By Nicole Neroulias
Religion News Service
For Nikhat Choudhury, the Muslim holidays of Eid al-Fitr and Eid al-Adha mean picking out new clothes, getting together with her cousins and feasting on homemade samosas and other traditional South Asian dishes.
In recent years, these joyous occasions have come with a struggle: Can she afford to stay home? New York City public schools allow absences for religious reasons, but Choudhury, 15, says it's much harder to catch up on the work now that she's in high school.
"I have to weigh the pros and cons of missing a test versus spending time with my family," she said. "But these are big holidays. It's like having to go to school on Christmas."
Fortunately, Eid al-Fitr, which marks the end of the holy month of Ramadan, falls Sept. 10 this year, when New York City schools will already be closed for Rosh Hashana, the Jewish New Year observance. Choudhury is not sure what she'll do in mid-November for Eid al-Adha, an annual observance that concludes the period when Muslims make the hajj, or pilgrimage, to Mecca.
Her dilemma is shared by hundreds of thousands of Muslim students around the country, except for those enrolled in the dozen or so school districts that recognize one or both of the Eids. These range from Dearborn, Mich., where more than half the 18,500 students are Muslim, to Burlington, Vt., whose 3,600 students include a growing number of African and Middle Eastern immigrants. Several New Jersey districts give one or both of the days off, as well.
After an enthusiastic rally on the steps of City Hall in June, the Coalition for Muslim School Holidays found itself eclipsed by the controversy over the Islamic community center and mosque that planners propose to build blocks from Ground Zero.
But the campaign continues, even as the 2010-11 school year gets underway, said Faiza N. Ali, community affairs director for the New York chapter of the Council on American-Islamic Relations.
New York Mayor Michael Bloomberg should be given credit for defending the right of Muslims to build the Islamic community center, she said, but local Muslims do not want to conflate the Ground Zero issue with Muslim school holidays. "We are not a one-issue-only community."
The City Council voted 50-1 in favor of the holidays last year.
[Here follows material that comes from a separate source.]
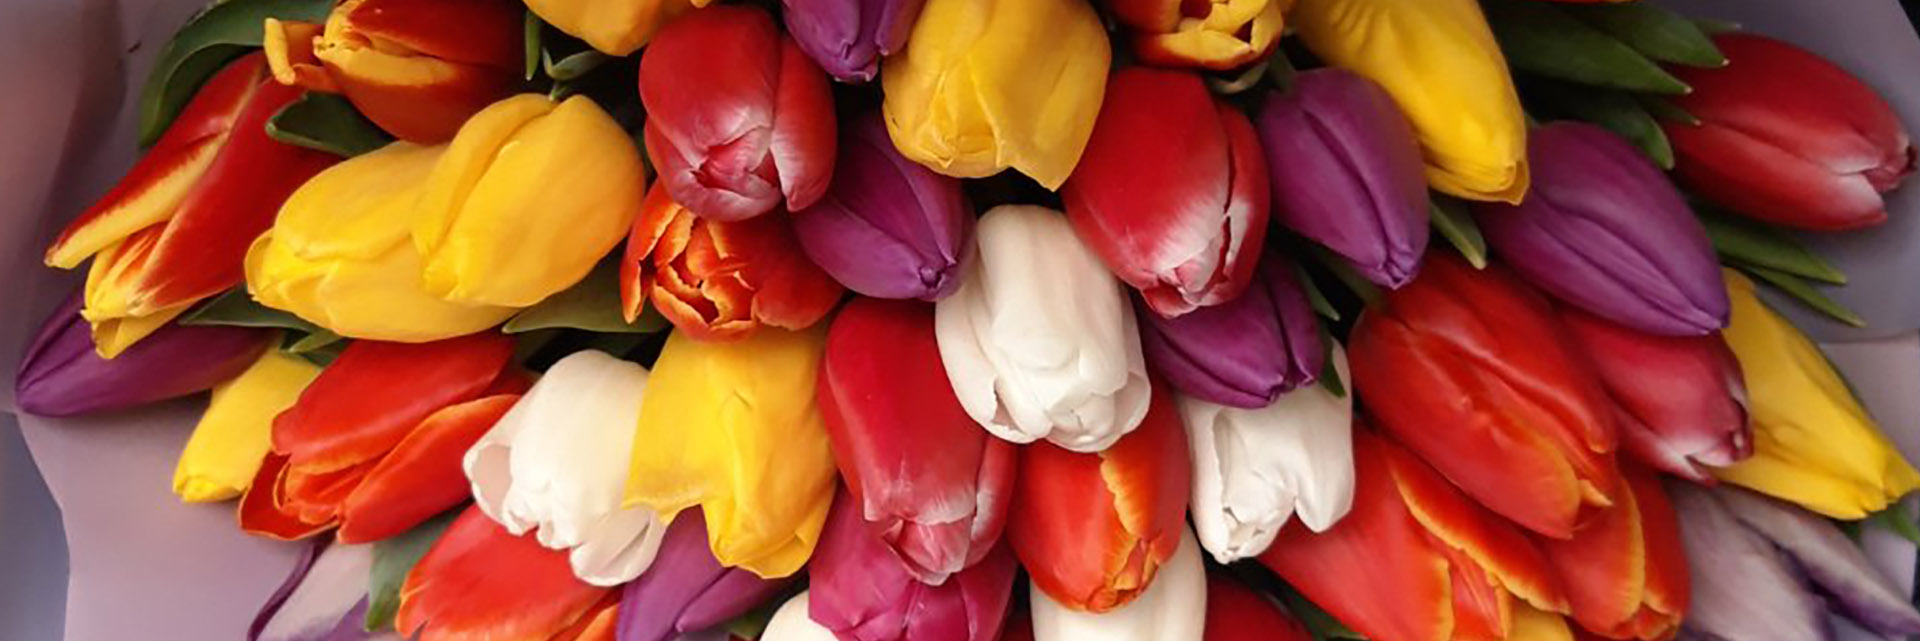 категория товаров Тюльпаны | Буковель | «Буковель Роза»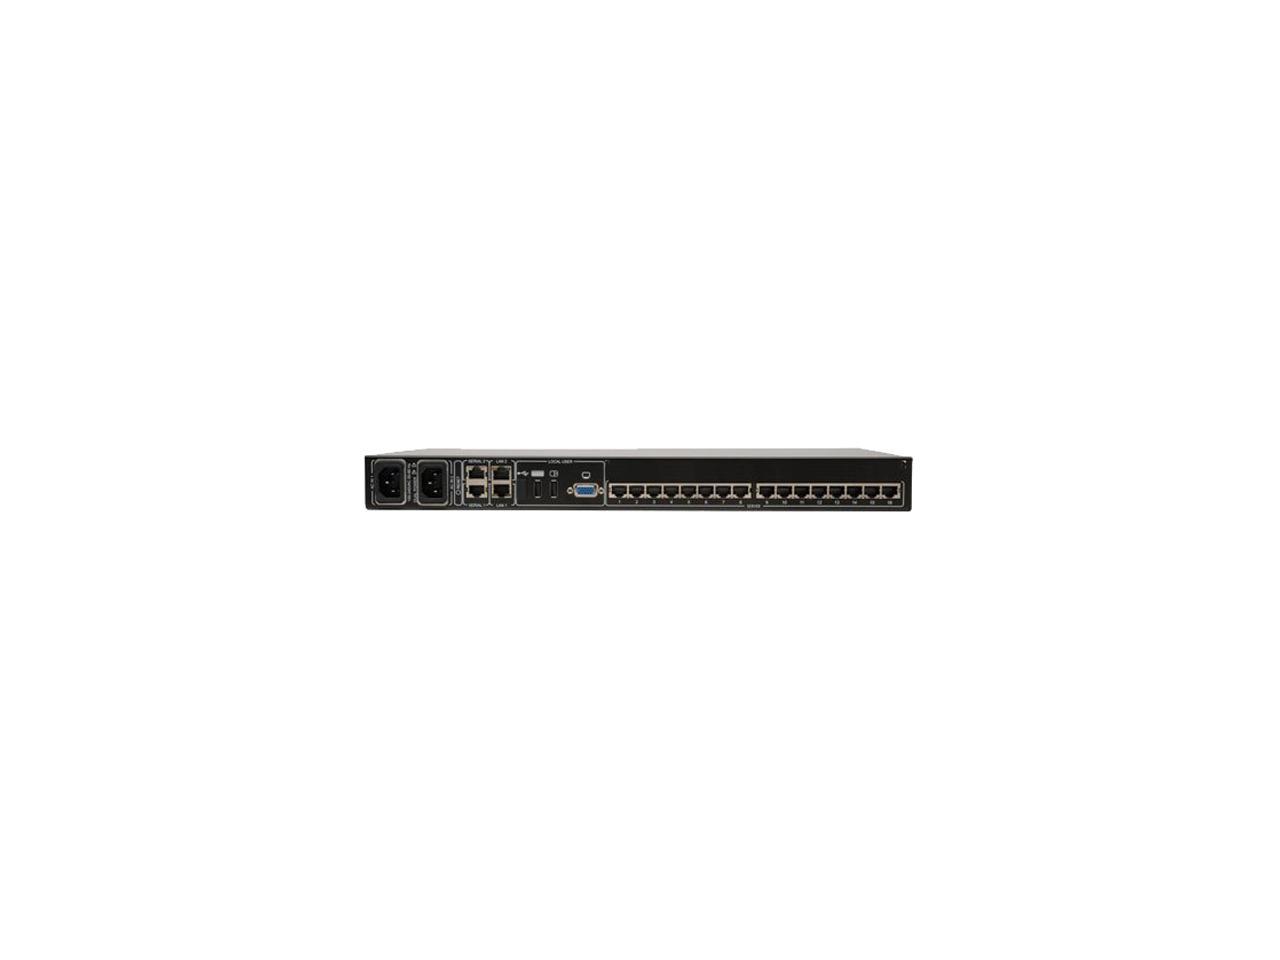 Tripp Lite 16-Port Cat5 1U Rack-Mount KVM Switch with IP Remote Access, 2+1 User, VGA, USB (B072-016-IP2)

In New York, schools must offer a minimum of 180 class days; Bloomberg has said that adding the Eids would require making up days elsewhere, and would create a slippery slope for the city's myriad other groups with their own holidays -- such as for Diwali, Hinduism's autumnal festival of lights.
"We want to keep kids in school for more days, not less," explained Jessica Scaperotti, a spokesperson for the mayor's office, who said the holidays haven't budged since the 1978 addition of Martin Luther King Jr. Day. "The city is not going to add any more days off."
But the Islamic calendar rotates, putting only five of the next 24 Eids on a planned school day. The Department of Education has the flexibility to add another day or two to the academic calendar once in a while, Ali argues, noting that officials had considered rescheduling the first day of school this year due to the early Rosh Hashana observance.
Officials from districts that have added the Eids said they were convinced to do so after their absence rates doubled or tripled on those days.
"When those numbers get to a point where it's inefficient to continue operations, when it's impacting funding, then it became part of the discussion," said David Mustonen, spokesman for the Dearborn district, which added the Eids eight years ago.
Last Eid al-Fitr, about 70 of Burlington High School's 1,100 students stayed home, which is "a significant number for us," explained Jeanne Collins, Burlington's superintendent.
But with more than a million students from hundreds of ethnic and religious backgrounds, New York City's massive school system doesn't have such a clear line in the sand.
The 2002 Columbia University Muslims in NYC Project estimated that about 100,000 pupils are Muslim -- about 12 percent of the student body -- but the Department of Education only tracks racial demographics.
The addition of the Jewish high holy days was prompted by staff demographics as well as students; the coalition has not yet determined how many of the city's educators are Muslim, or how Eid attendance rates historically compared to other school days.
Encouraging Muslim students and staff to stay home on the holidays and keeping track of the absent rate every year, rather than rallying on the steps of City Hall, may be a more effective strategy, especially if the anti-Muslim sentiment over the Park51 project worsens, some coalition members privately argue.
But, it means that teenagers like Choudhury would have to risk falling behind in their studies, especially if their teachers aren't flexible about rescheduling lessons and exams.
If she had to do it again, her cousin Rebecca Chowdhury, now a sophomore at Ohio's Kenyon College, said she would have celebrated properly, rather than worrying that she couldn't afford to miss a day of Stuyvesant, one of the city's most competitive high schools.
"I had to choose between doing well in school and celebrating an important holiday with my family," she said. "My parents understood, but it was a big disappointment. Now, I'm too far away and it's too expensive to go home."